**Work to complete**
Copy everything in the listing below word for word, apart from any images.

___ Exercise data ___

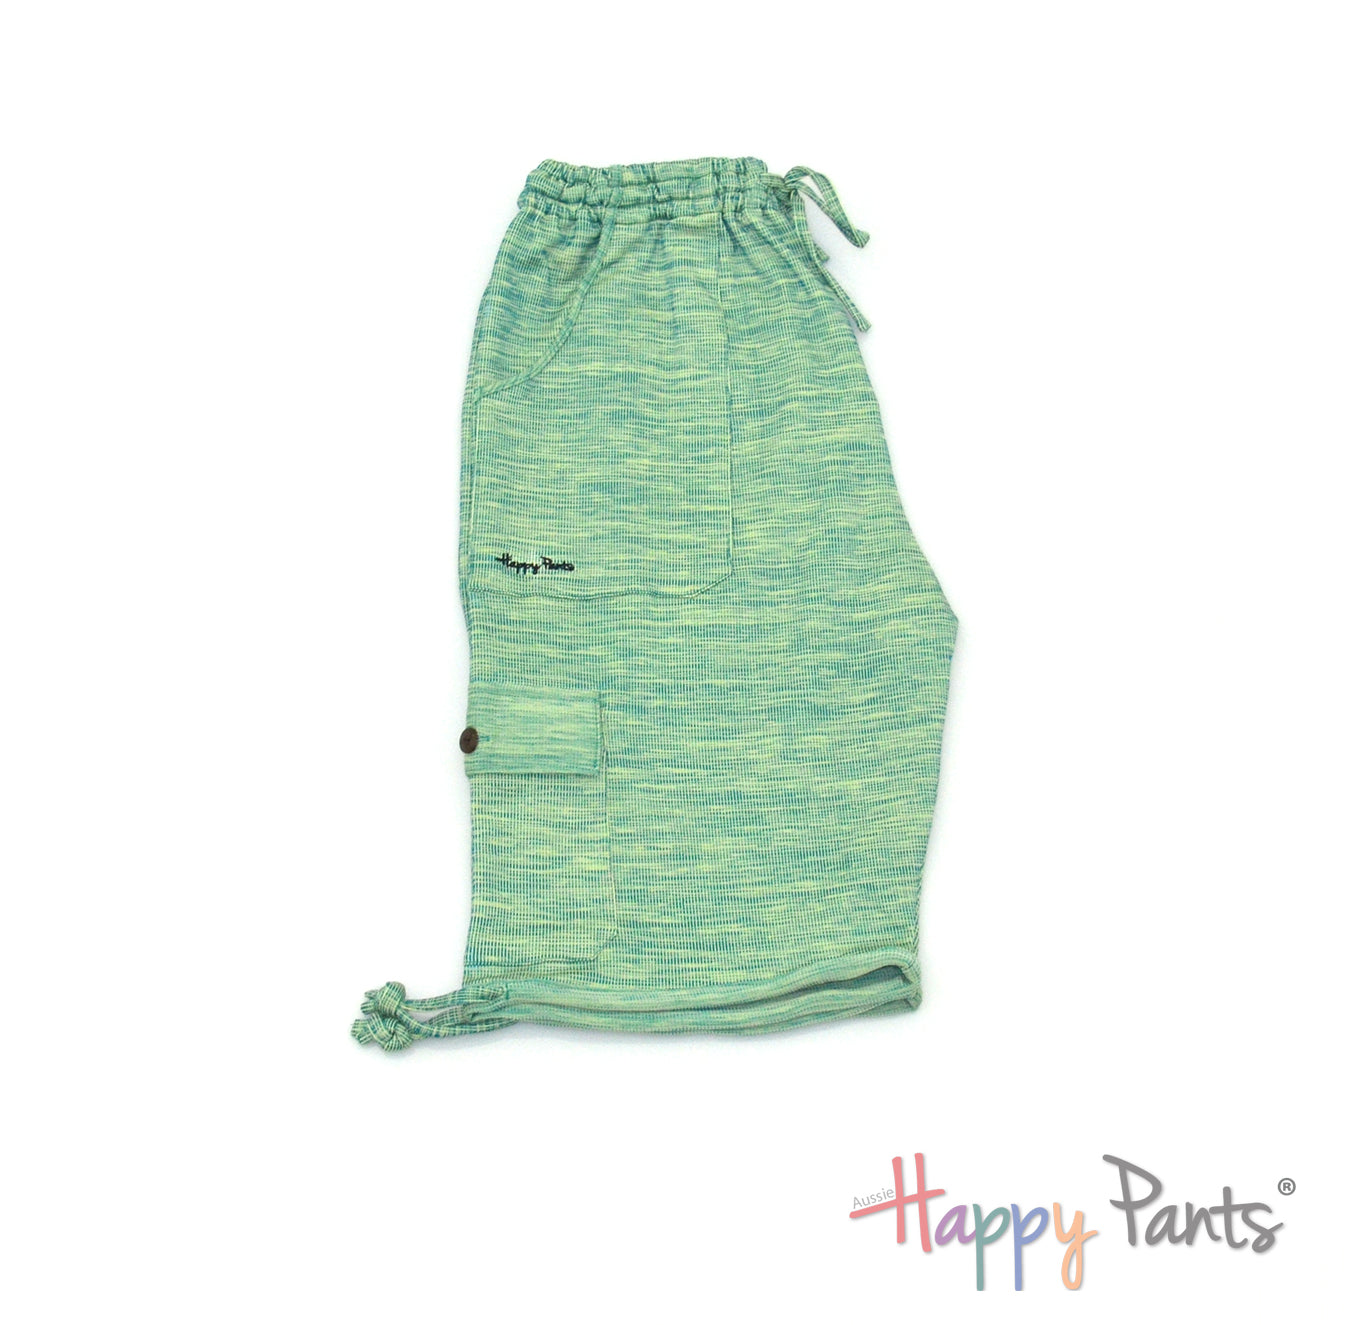 Green Ladies shorts with elastic waist holiday pants resort wear Australia comfy bermudas
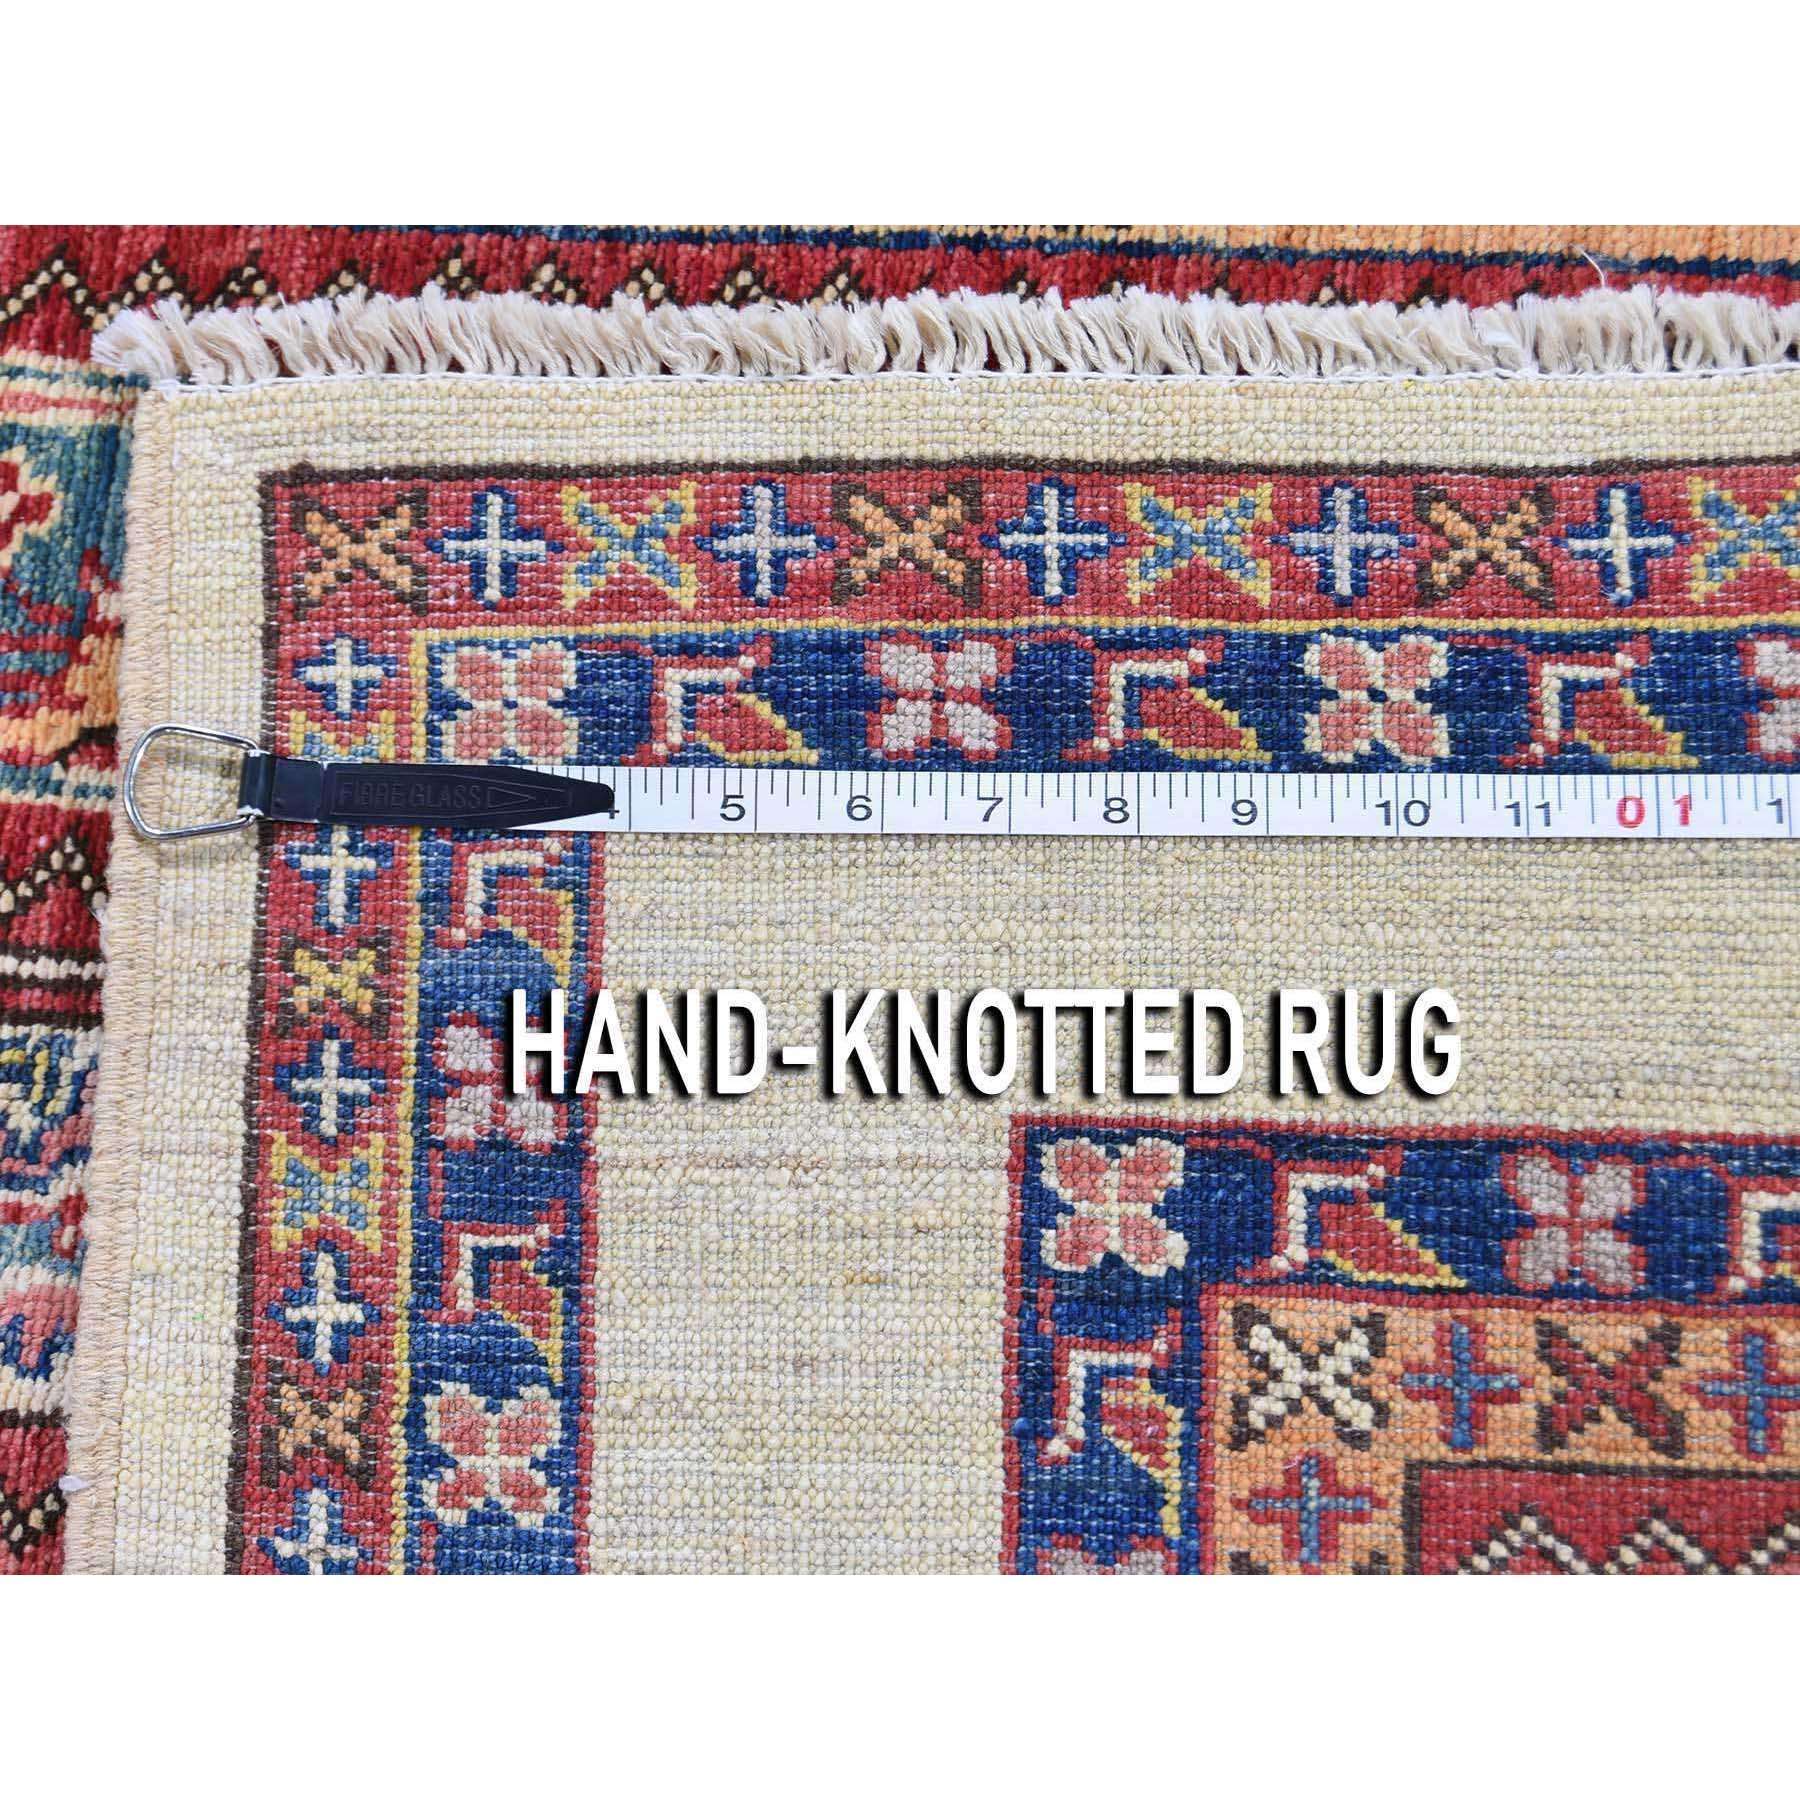 4-9 x6-8  Multicolored Super Kazak Shawl Design Pure Wool Hand-Knotted Oriental Rug 
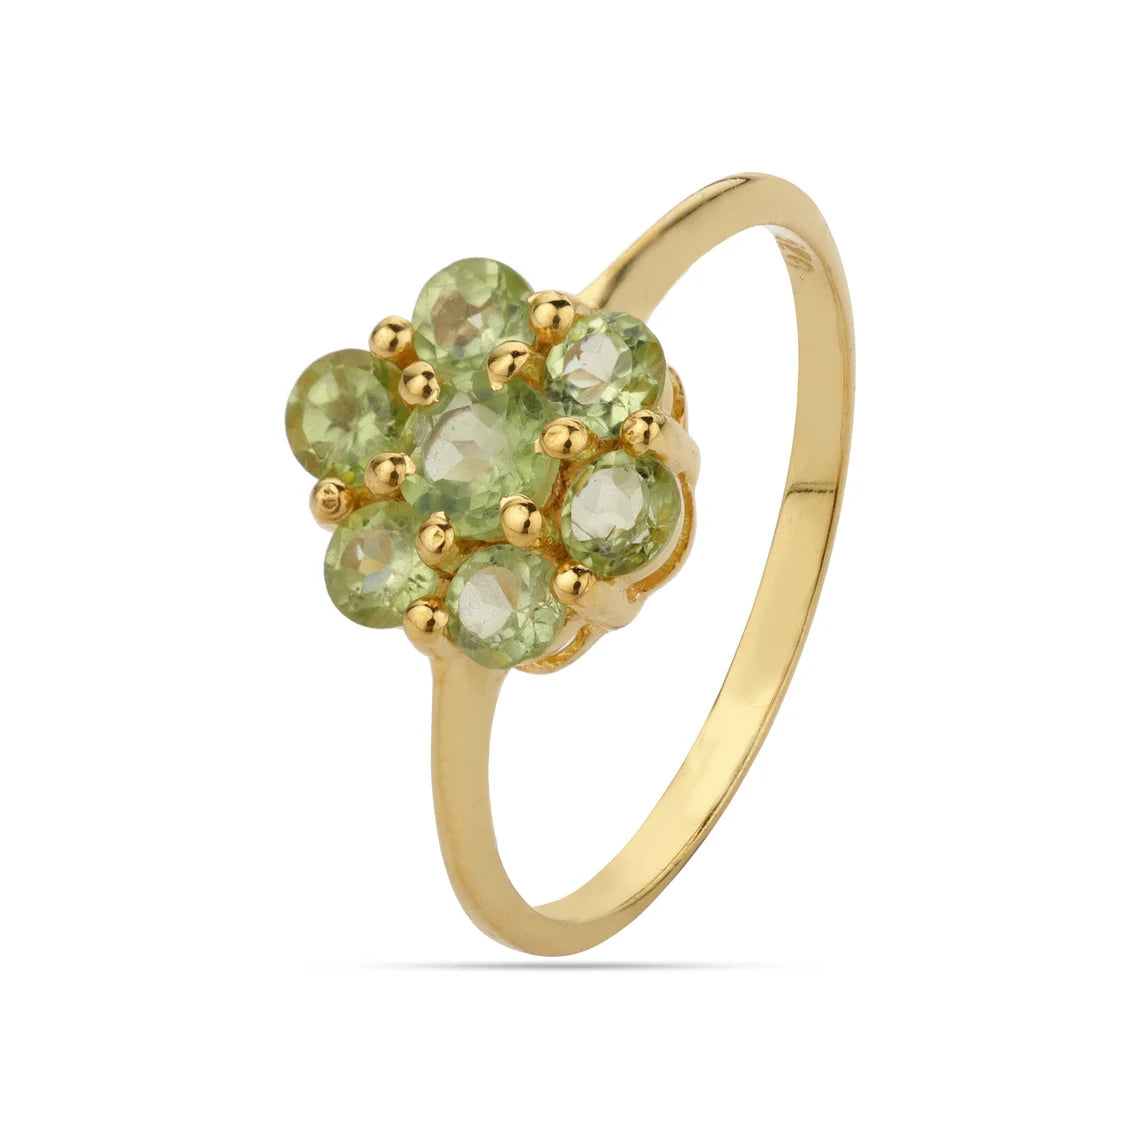 Handmade Sterling Silver Ring,-18k Gold Plated - Green Peridot Ring, Natural Peridot August Birthstone, Dainty Minimalist Women’s Gifting Jewelry

___

**Result for this task**
 Green Ladies shorts with elastic waist holiday pants resort wear Australia comfy bermudas
 4-9 x6-8  Multicolored Super Kazak Shawl Design Pure Wool Hand-Knotted Oriental Rug 
 Handmade Sterling Silver Ring,-18k Gold Plated - Green Peridot Ring, Natural Peridot August Birthstone, Dainty Minimalist Women’s Gifting Jewelry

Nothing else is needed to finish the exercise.